GIVEN DATA:
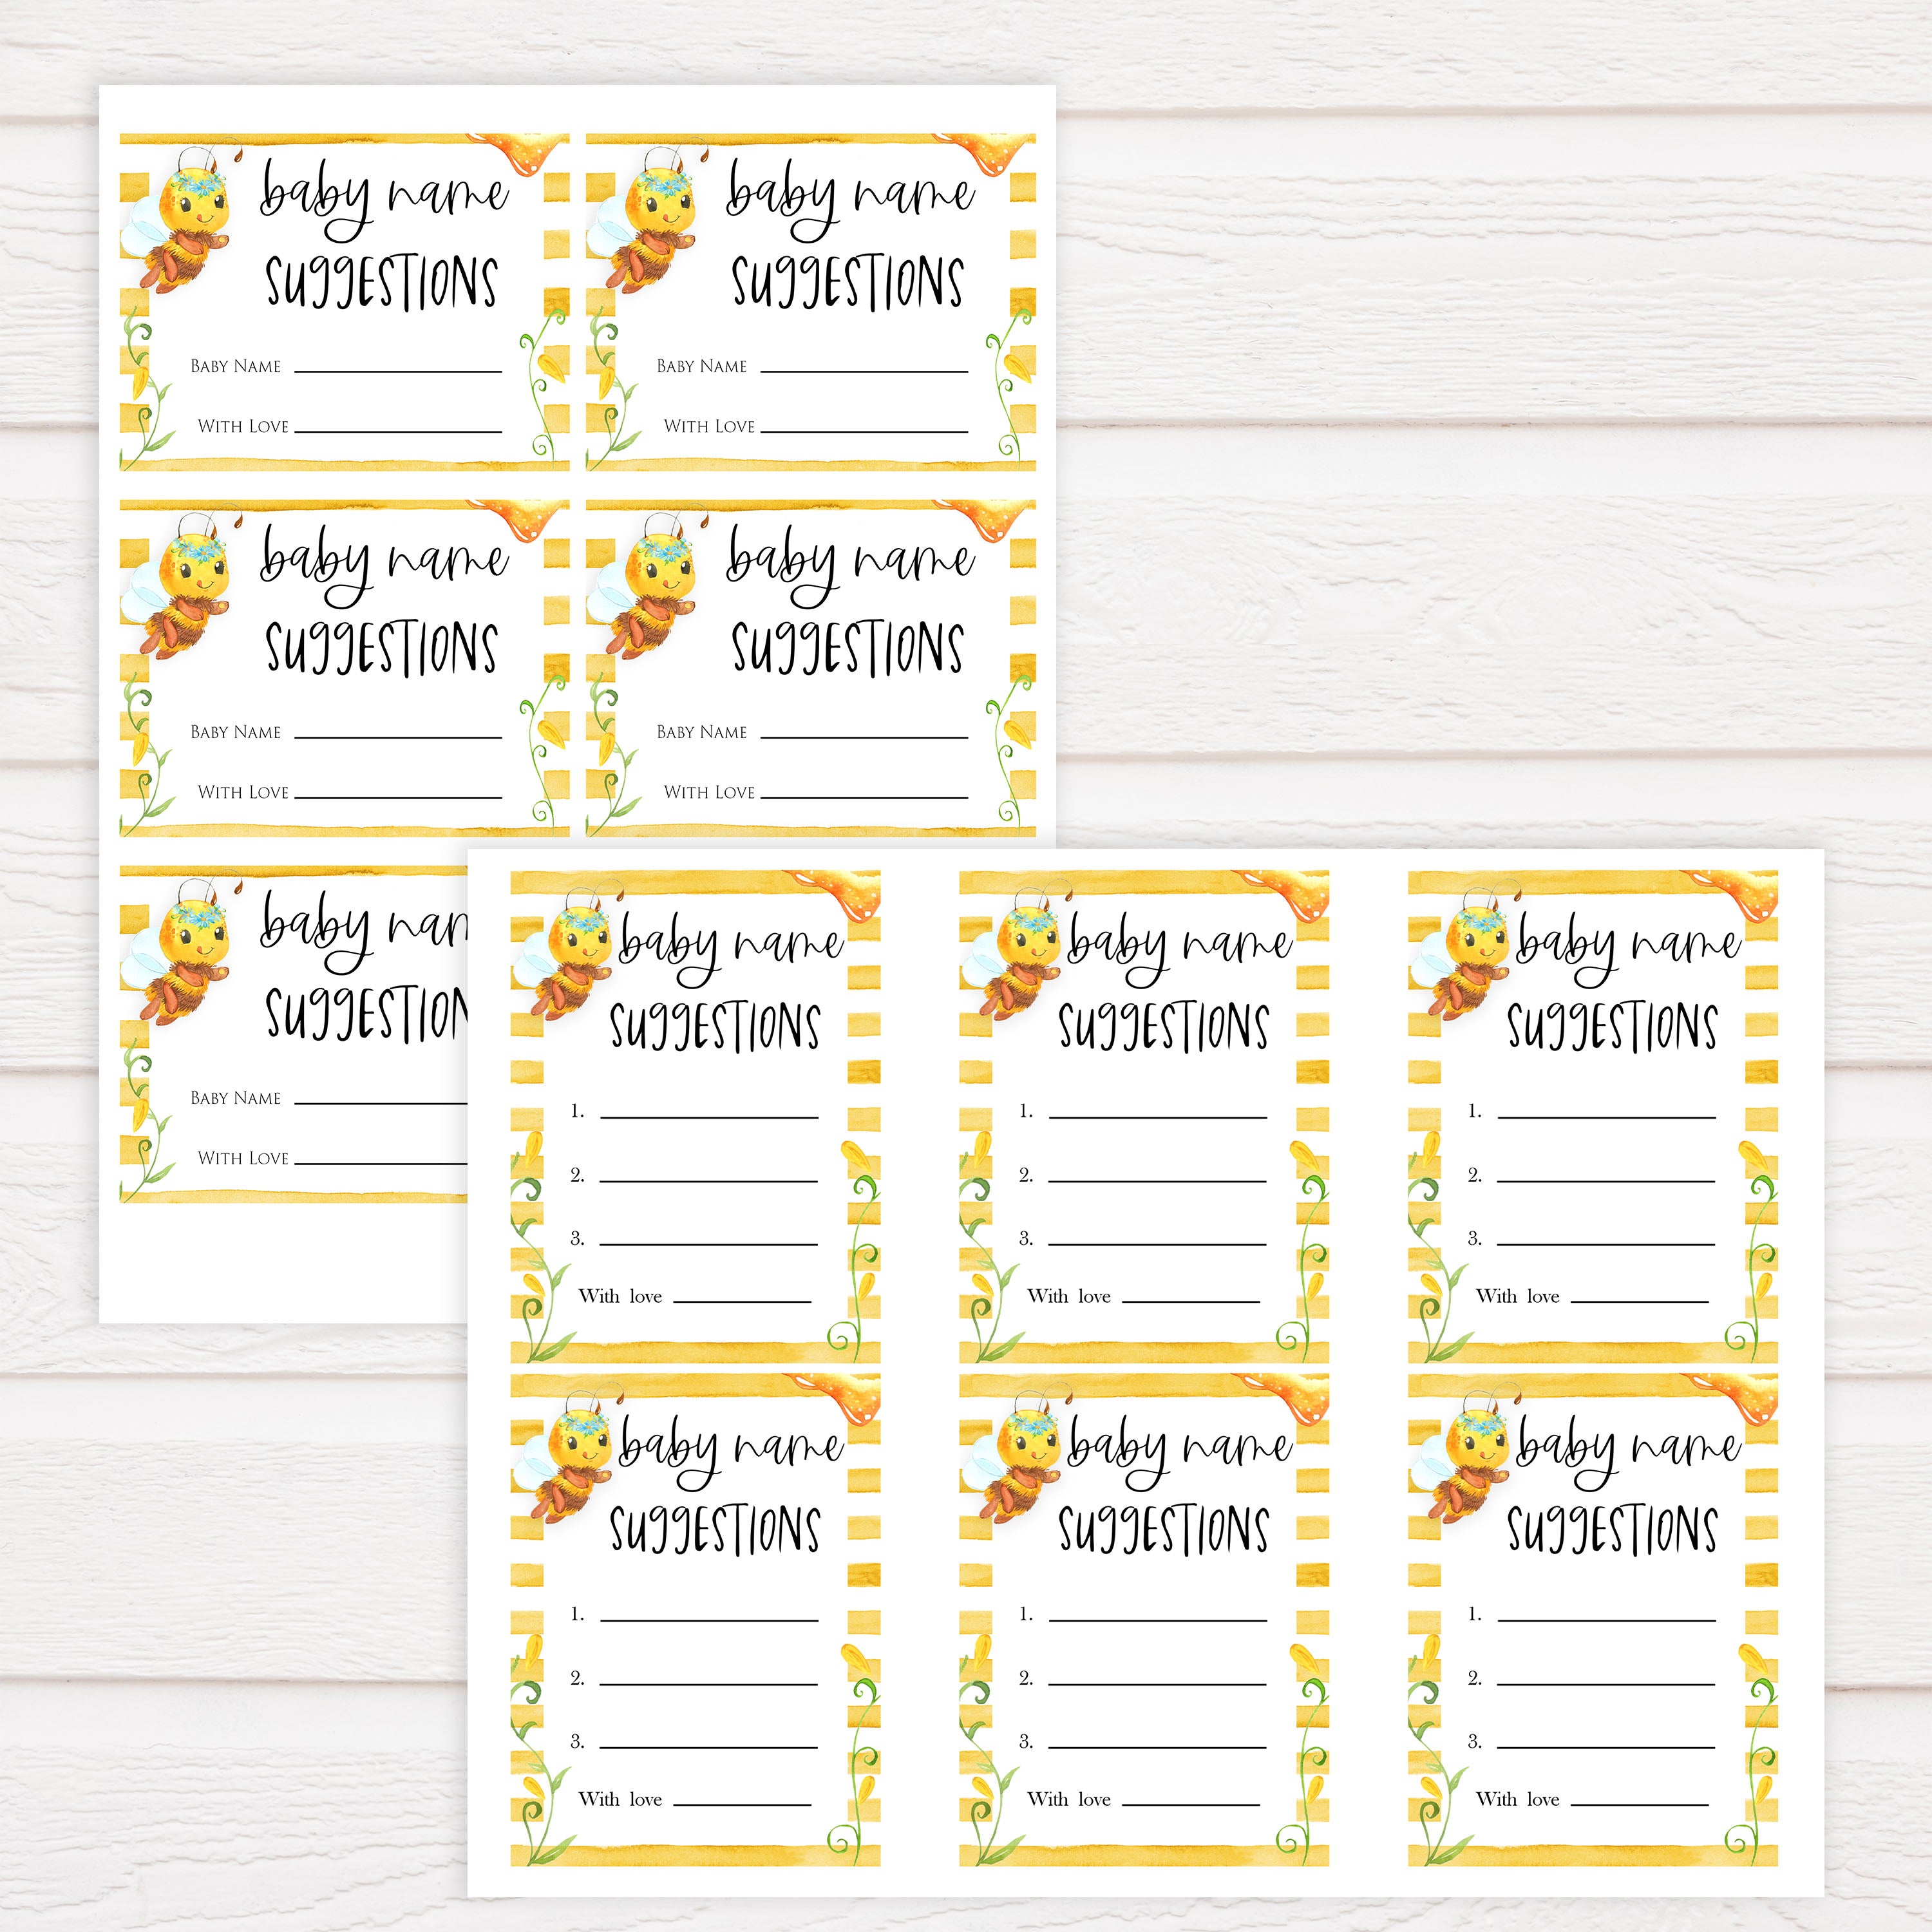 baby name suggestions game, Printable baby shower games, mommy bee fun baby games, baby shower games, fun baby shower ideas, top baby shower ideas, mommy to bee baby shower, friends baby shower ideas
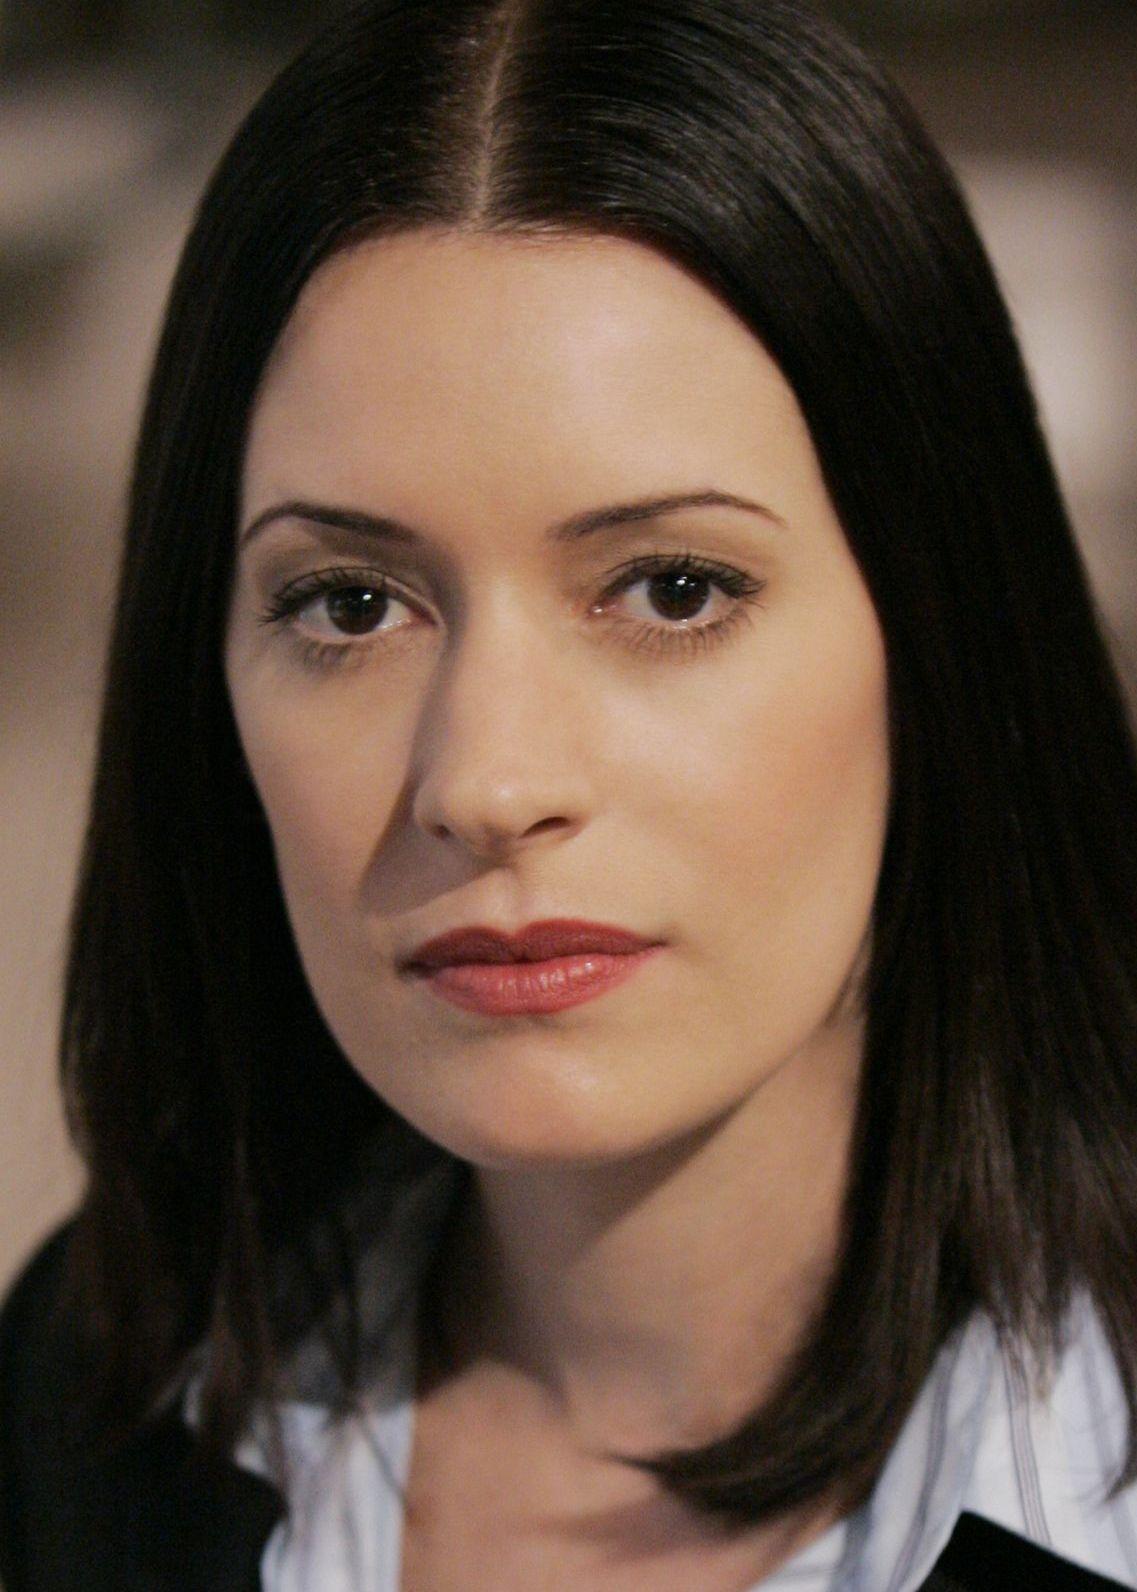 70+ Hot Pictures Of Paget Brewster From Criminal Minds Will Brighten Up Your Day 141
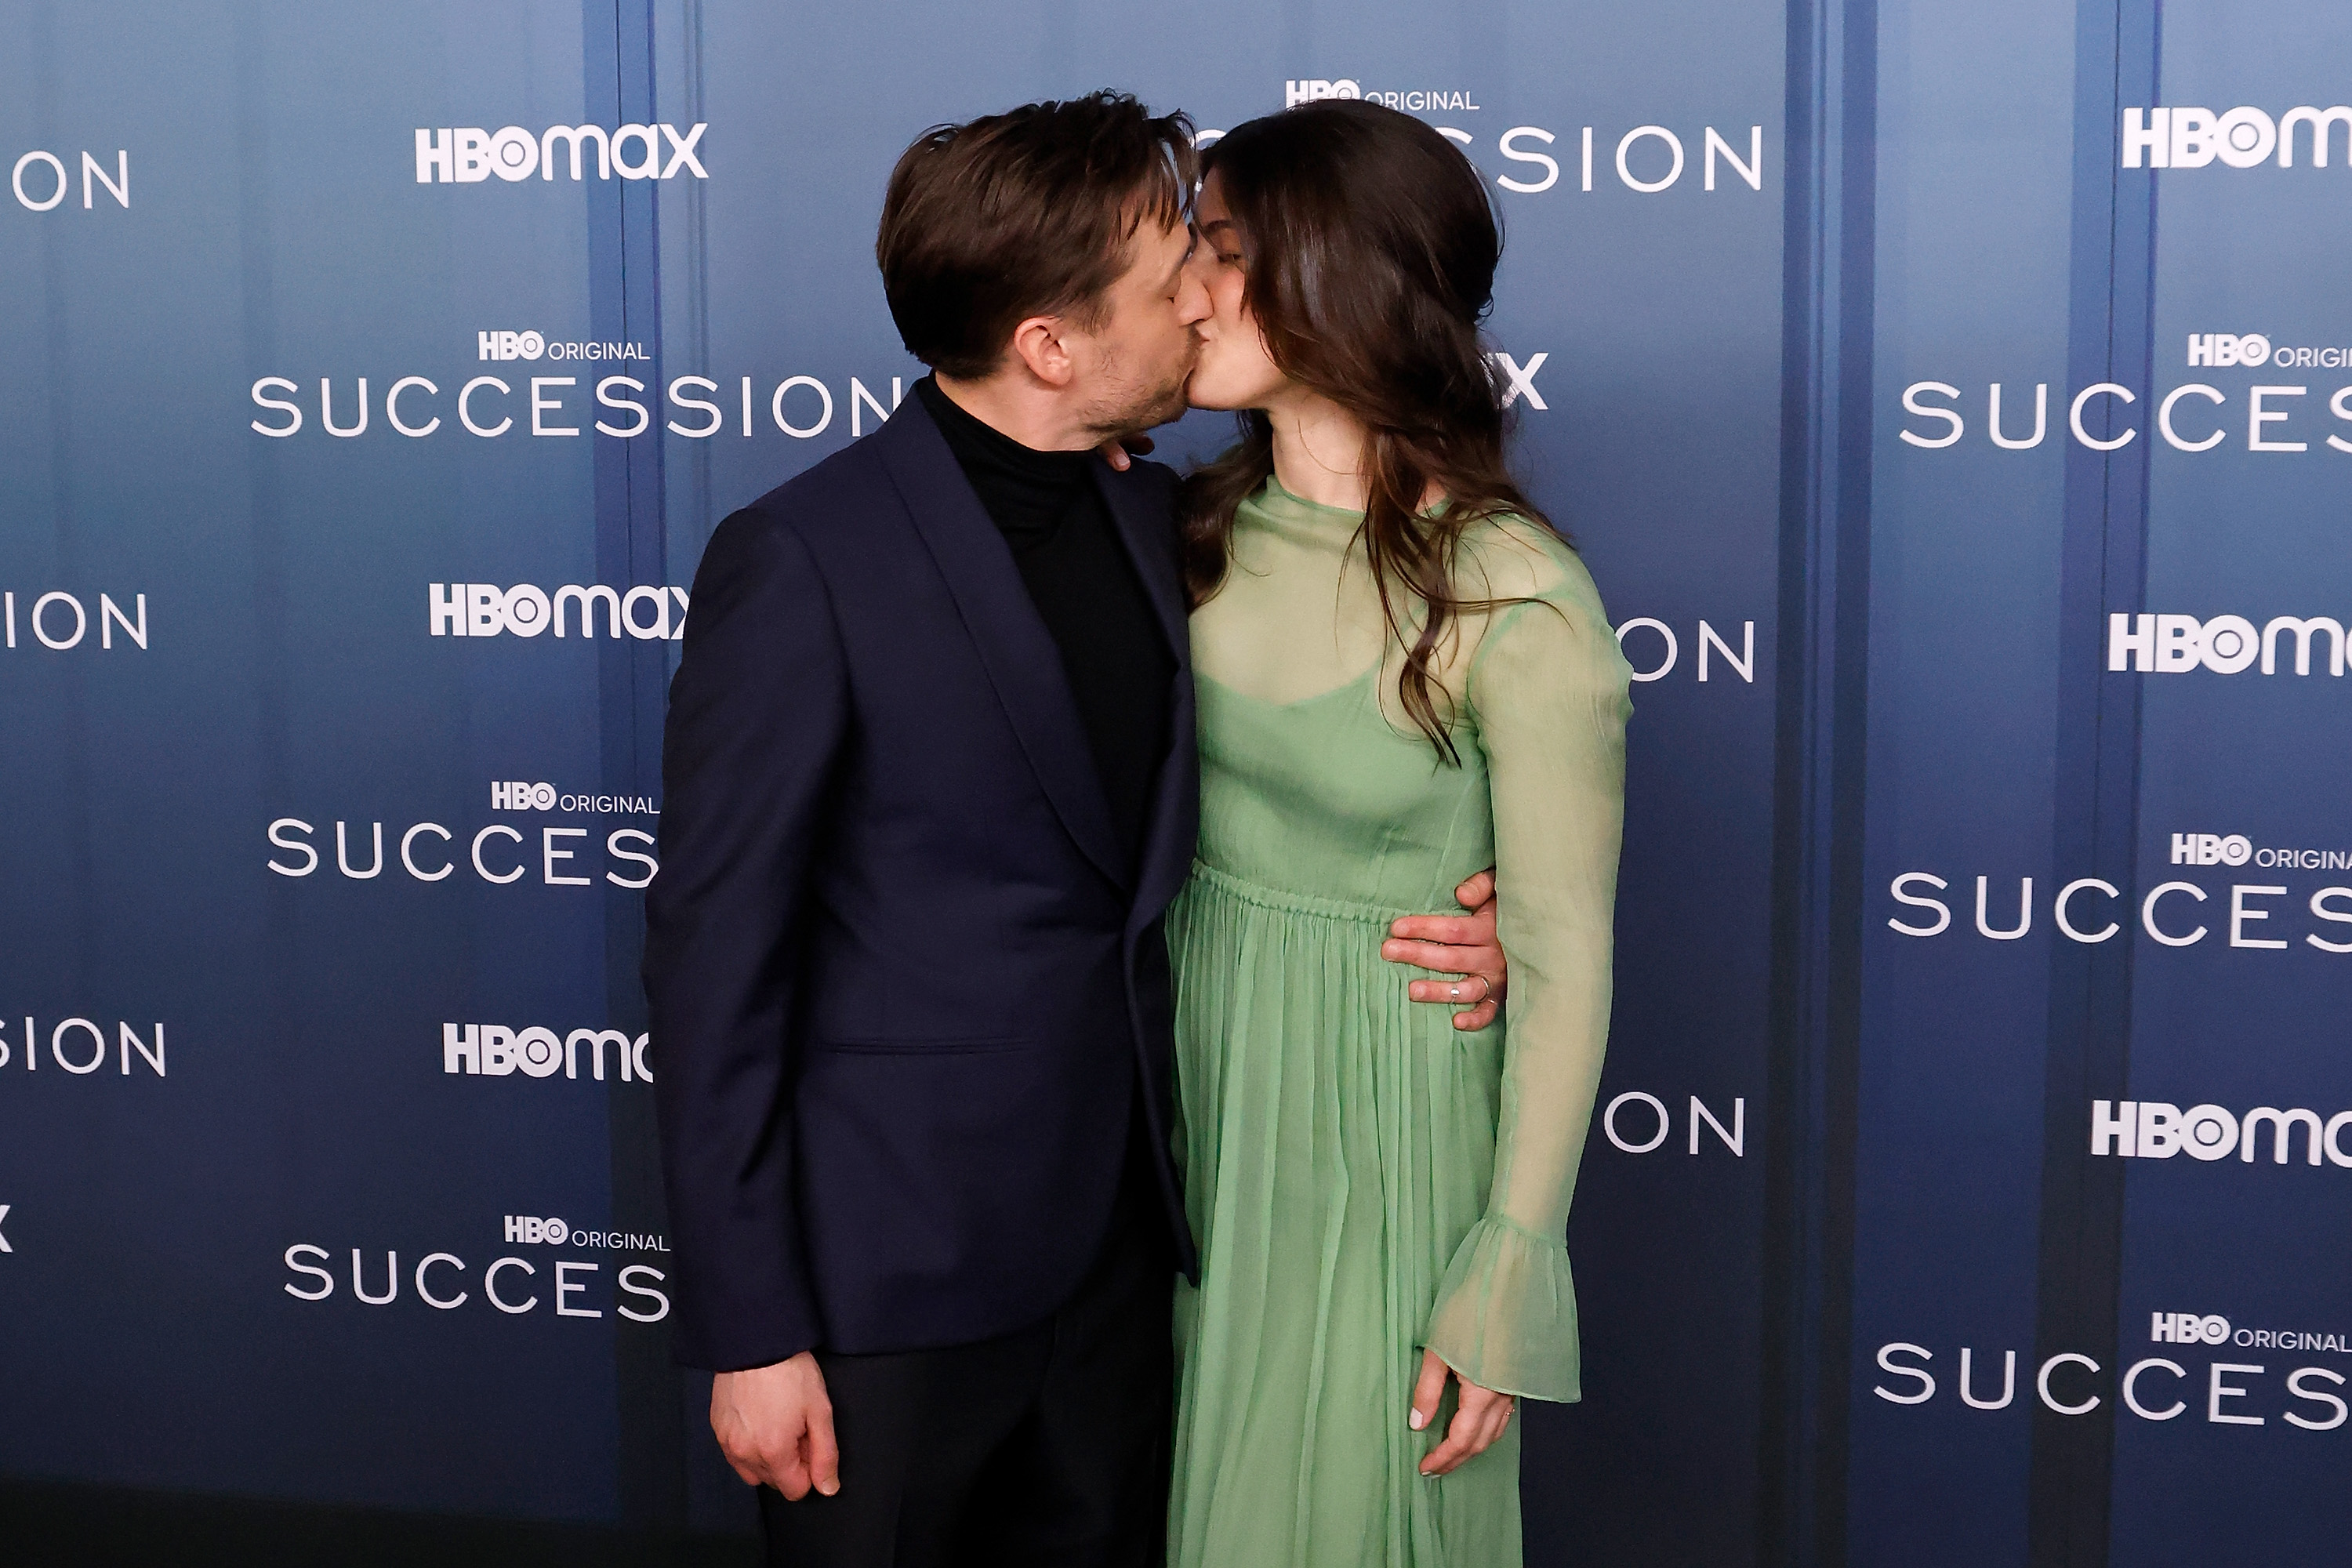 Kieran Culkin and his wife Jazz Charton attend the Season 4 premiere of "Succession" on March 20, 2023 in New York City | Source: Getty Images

EXERCISE PROMPT: Everything in the listing above must be retyped exactly, except for the pictures.

YOUR RESPONSE:
 baby name suggestions game, Printable baby shower games, mommy bee fun baby games, baby shower games, fun baby shower ideas, top baby shower ideas, mommy to bee baby shower, friends baby shower ideas
 70+ Hot Pictures Of Paget Brewster From Criminal Minds Will Brighten Up Your Day 141
 Kieran Culkin and his wife Jazz Charton attend the Season 4 premiere of "Succession" on March 20, 2023 in New York City | Source: Getty Images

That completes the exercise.